Thursday, August 2, 2012

Exercise the Hell out of me


And we're back! I was out of town for a week for my sister's wedding, then I just didn't feel like writing for a couple days. That's what happened. But in my sleep last night, I had a dream about a crazy incident that happened to me in Africa that I had completely forgotten about. My mind has worked hard to block most of what happened in Africa so that I won't have to relive the madness that beset me. But this little golden nugget slipped past my memory guards last night and woke me up this morning laughing and confused as to how I could have forgotten such a good story.

So two years ago I was on an internship in Geneva, Switzerland, standing straight up for women's rights and filling my American belly full of Swiss chocolate. As part of the internship, the organization I was with wanted me to actually get out into the world and get some real experience.

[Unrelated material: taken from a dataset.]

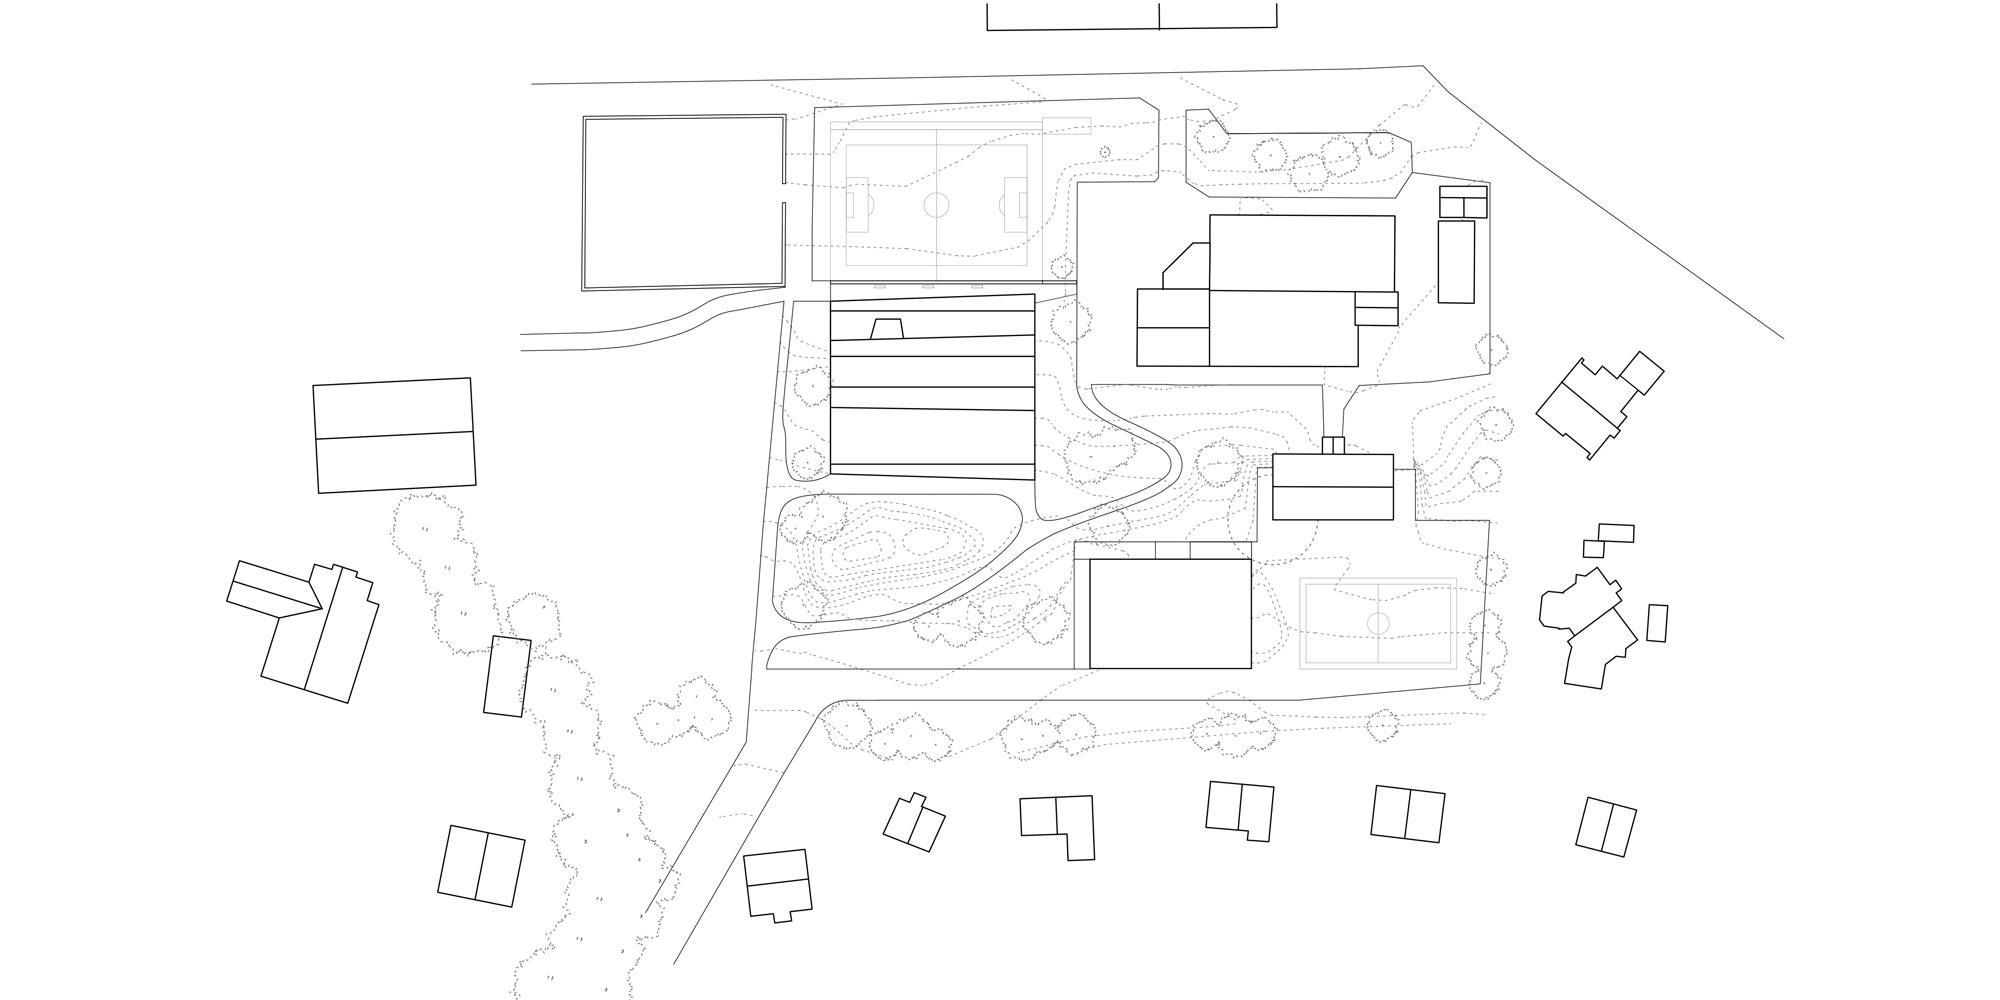 Siteplan © Localarchitecture

Through an extremely shady and flaky contact, I ended up going to Botswana in Africa to work with this psychotic woman at a little summer camp for orphan kids. To sum it up, the camp was not at all organized, meaning that there was no food, meaning we literally did not eat for 3 or 4 days until I discovered that there actually was food, just nobody knew how to cook it; nowhere to sleep, meaning that we just sprawled out on the dirt and the cement floors of the school where the camp of goodness was being hosted; and no purpose, meaning that half the time the kids aimlessly wandered around, complaining that their bellies hurt from not eating and that they wanted to go home. Several of the kids even resorted to eating books they found in the classroom, claiming it numbed the pain in their stomachs. So the summer camp pretty much just turned into "Survivor: Botswana" for two weeks. It sucked, and I wanted to leave the entire time. I lost a bunch of weight while I was there, and I really don't have much weight to lose, so it was bad. I didn't get a decent nights' sleep the entire time because it was still around 100 degrees out at night, I was sleeping on straight cement and using my pants as a pillow, the bugs seem to take a fancy to white man's skin and attacked me the entire night, and the orphan kids usually broke out into a brawl at night, hitting each other with their shoes and books they could find. It was pretty much like an orphan prison for a couple days because we were all being held there against our will. So I was exhausted and beat the entire time I was there, and I was completely beat by the end of it.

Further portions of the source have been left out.